[PATCH] mm/numa/thp: fix assumptions of migrate_misplaced_transhuge_page()

From: JÃrÃme Glisse
Date: Tue May 03 2016 - 05:53:24 EST


Fix assumptions in migrate_misplaced_transhuge_page() which is only
call by do_huge_pmd_numa_page() itself only call by __handle_mm_fault()
for pmd with PROT_NONE. This means that if the pmd stays the same
then there can be no concurrent get_user_pages / get_user_pages_fast
(GUP/GUP_fast). More over because migrate_misplaced_transhuge_page()
only do something is page is map once then there can be no GUP from
a different process.
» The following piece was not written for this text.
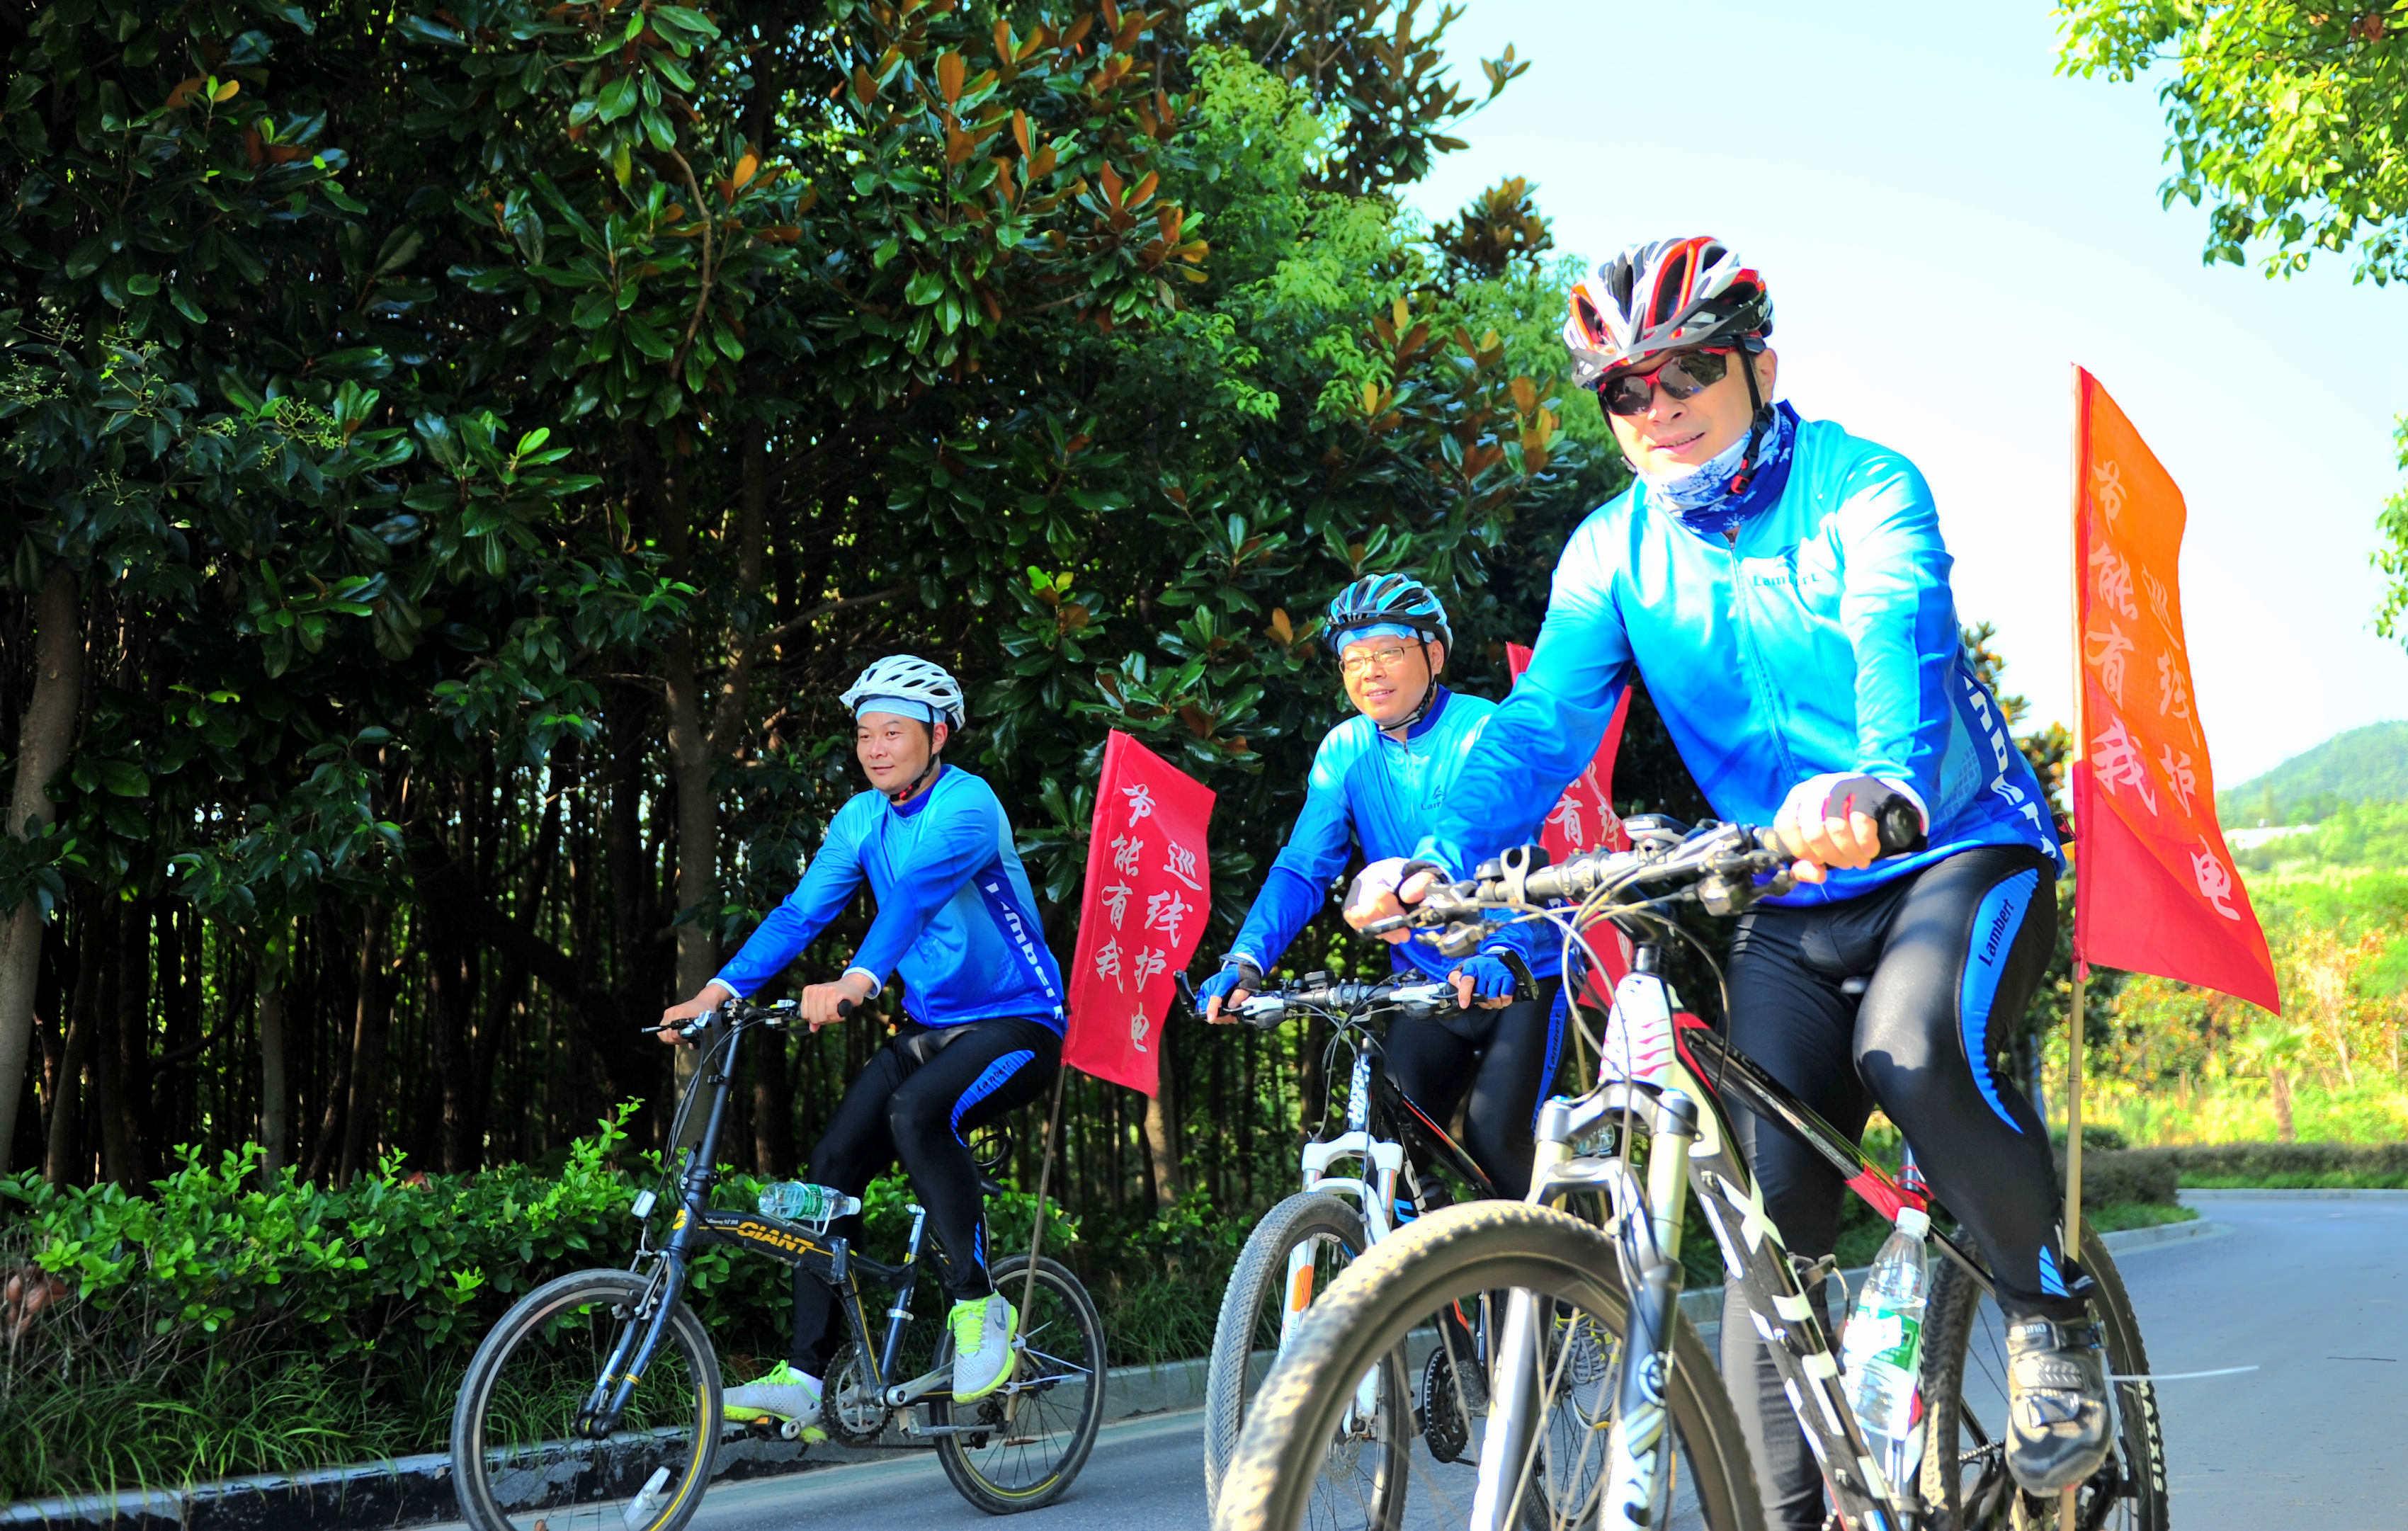 安徽庐江:高温骑行倡节能

Finaly, holding the pmd lock assure us that no
other part of the kernel will take an extre reference on the page.

In the end this means that the failure code path should never be
taken unless something is horribly wrong, so convert it to BUG_ON().

Signed-off-by: Jéme Glisse <jglisse@xxxxxxxxxx>
Cc: Kirill A. Shutemov <kirill.shutemov@xxxxxxxxxxxxxxx
Cc: Mel Gorman <mgorman@xxxxxxx>
Cc: Hugh Dickins <hughd@xxxxxxxxxx>
Cc: Andrea Arcangeli <aarcange@xxxxxxxxxx>
---
mm/migrate.c | 31 +++++++++++++++++++++----------
1 file changed, 21 insertions(+), 10 deletions(-)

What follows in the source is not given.